There is a natural number n given and a table with 2n x 2n cells, which are all white. A and B play the following game. First A paints m of the cells in red. Then B chose n rows and n columns and paints the cells in them in black. A wins when there is at least one red cell left. Find the smallest possible value of m, for which A can win no matter how B plays.
This is an interesting problem from a Singaporean combinatorics and game theory textbook, but I don't know how to solve it.
Can you suggest a solution? Thank you in advance!

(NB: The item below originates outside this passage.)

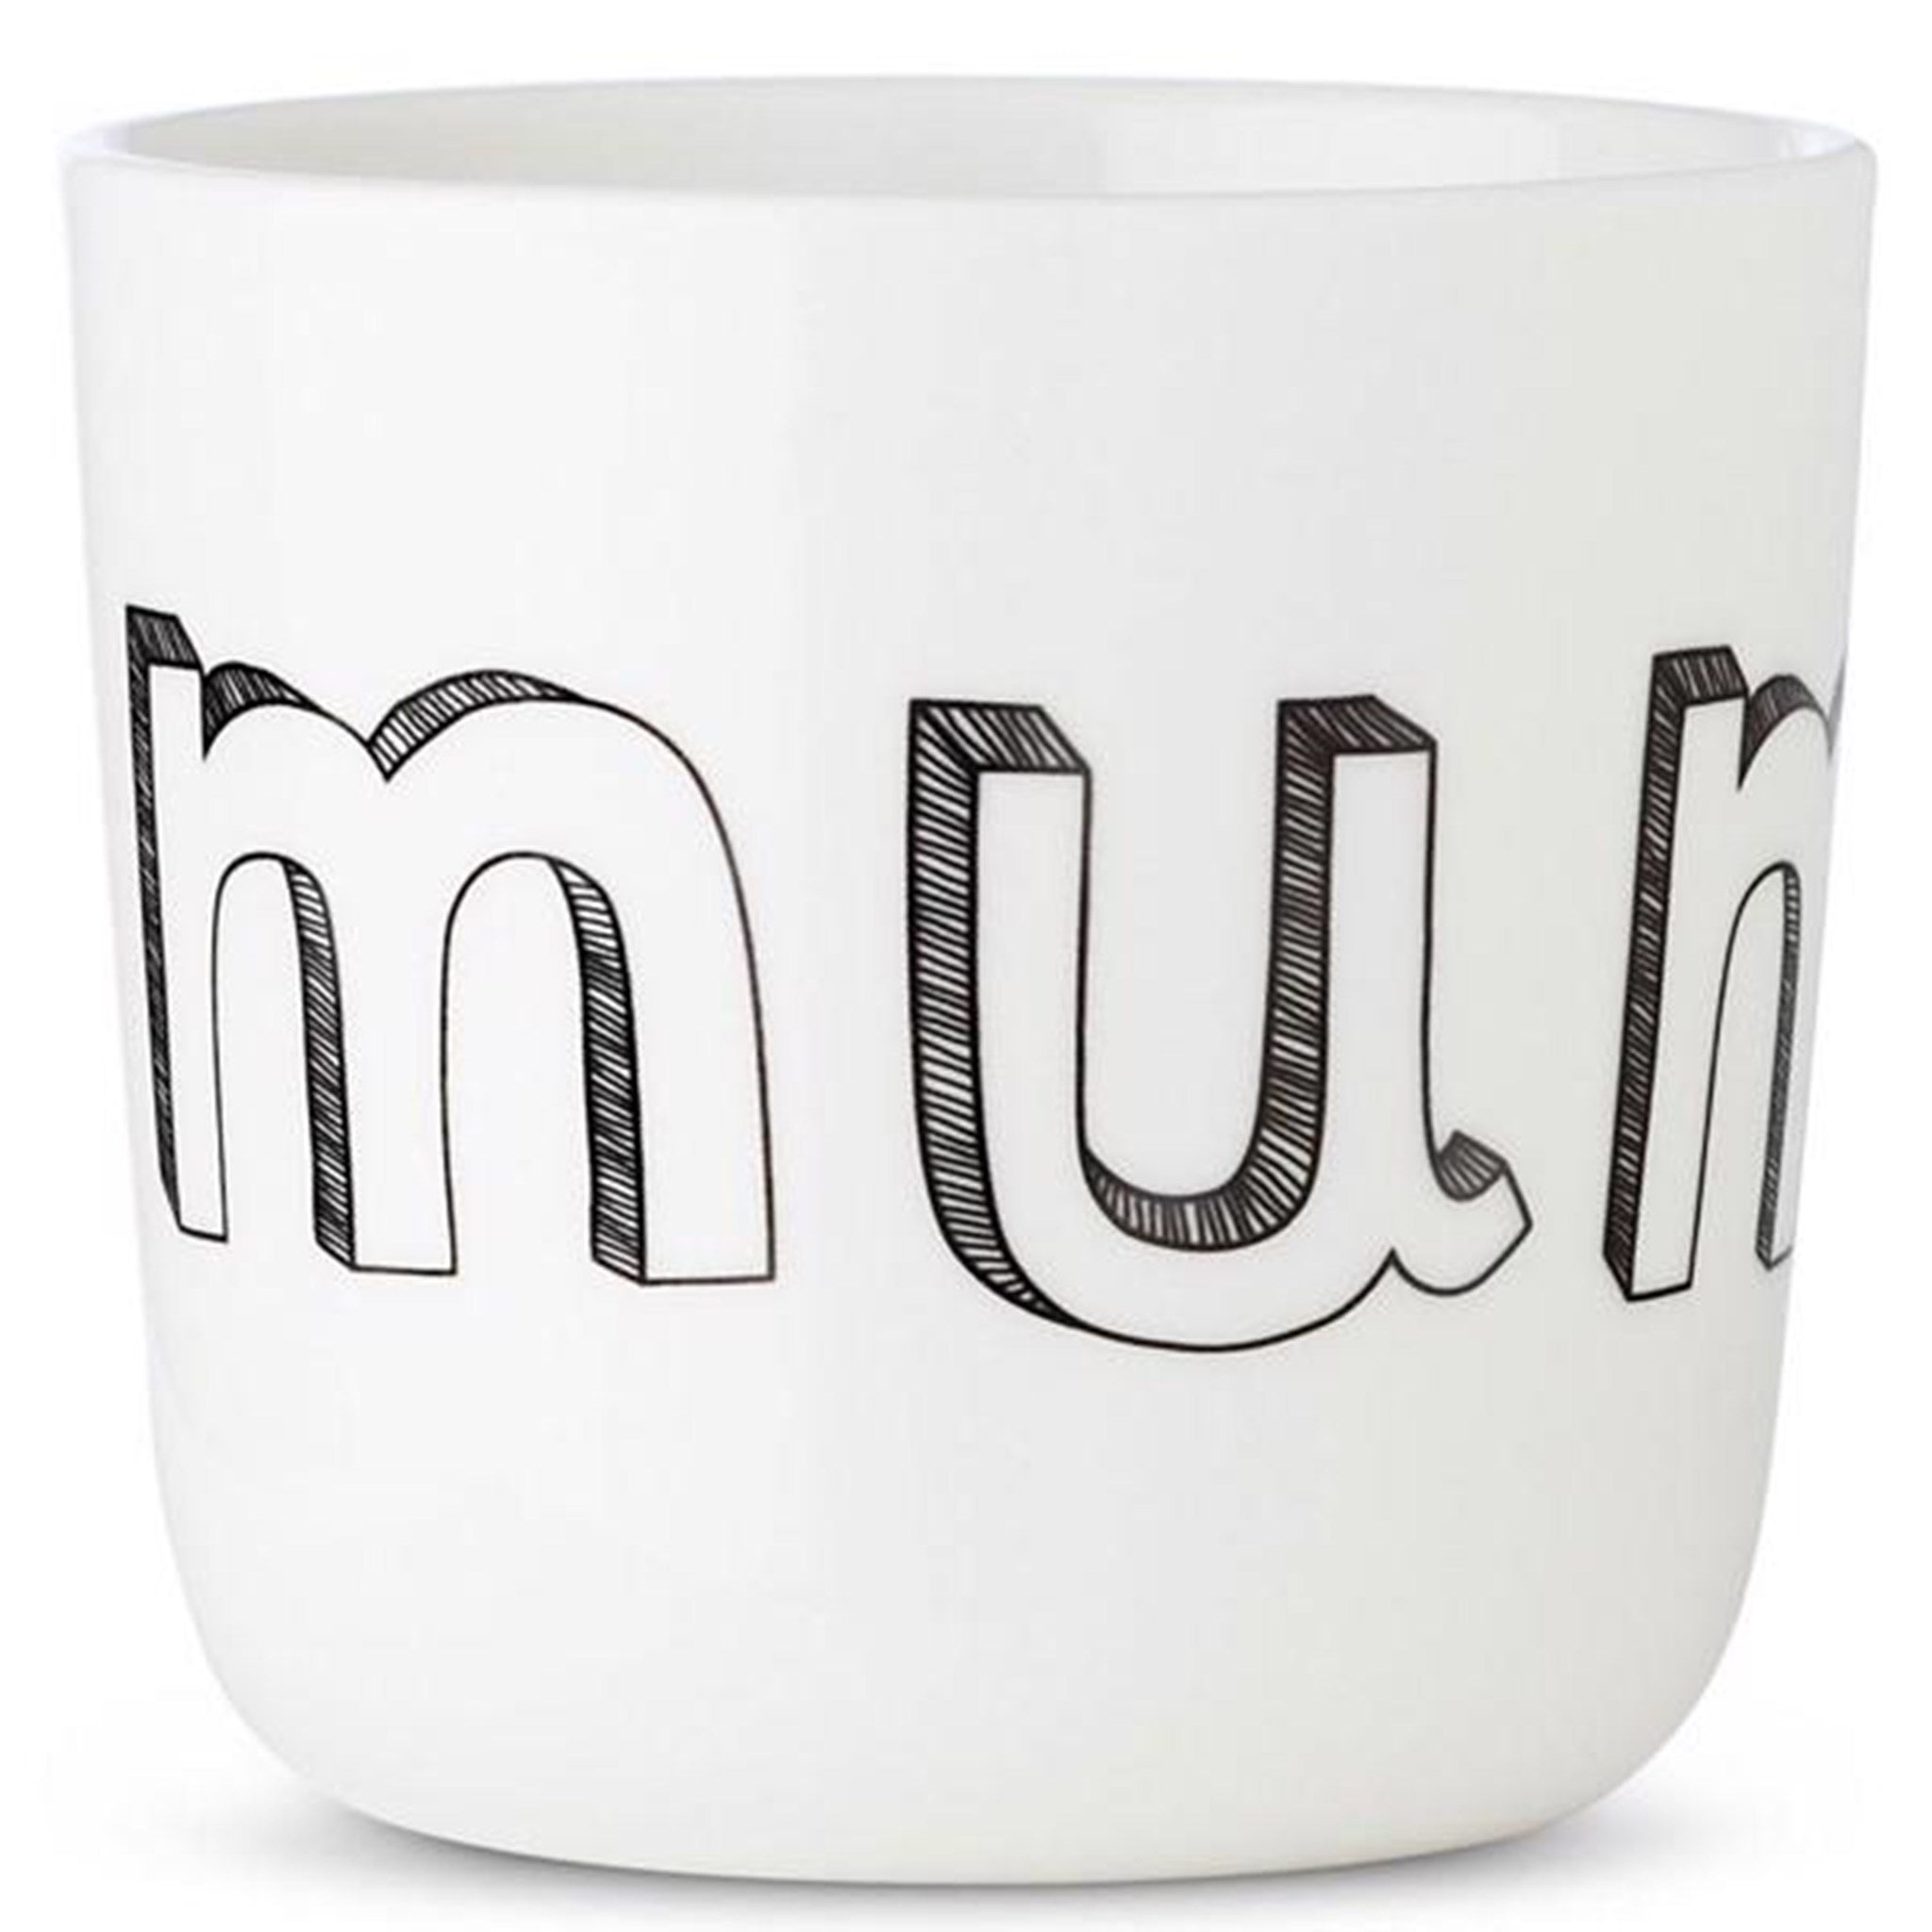 Liebe Cup (mum)

$m\leqslant 2n$ is not enough for A to win, because B can then choose the rows containing $n$ of A's red squares and the columns containing the rest of A's red squares.
$m=4n$ is enough: Denote the square where column $x$ crosses row $y$ by $(x, y)$, with $0\leqslant x, y<2n$. Let A choose $4n$ squares $P_0,\dots, P_{4n-1}$ with $P_{2i}=(i, i), P_{2i+1}=(i, i+1)$ except that $P_{4n-1}=(2n-1, 0)$. Interpret indices of $P$ modulo $4n$.
Use "line" to mean a row or a column. Then every line contains 2 red squares, so each line chosen by B blacks out at most 2 red squares not already blacked out. Thus the only way B can win is if each line they choose blacks out exactly 2 red squares not already blacked out, and does not black out any red square that is already blacked out. In each case these 2 red squares must be $P_j$, $P_{j+1}$ for some $j$.
In particular, B blacks $P_1$ by choosing either $x=0$, which also blacks $P_0$, or $y=1$, which also blacks $P_2$. In the former case, B can black $P_2$ only together with $P_3$, by choosing $x=1$; in the latter case, B can black $P_3$ only together with $P_4$, by choosing $y=2$. And so on. In each case, for B to black all $4n$ red squares they must choose $2n$ parallel lines. But the rules entail B choosing $n$ rows and $n$ columns. So in this case B cannot win, so A wins.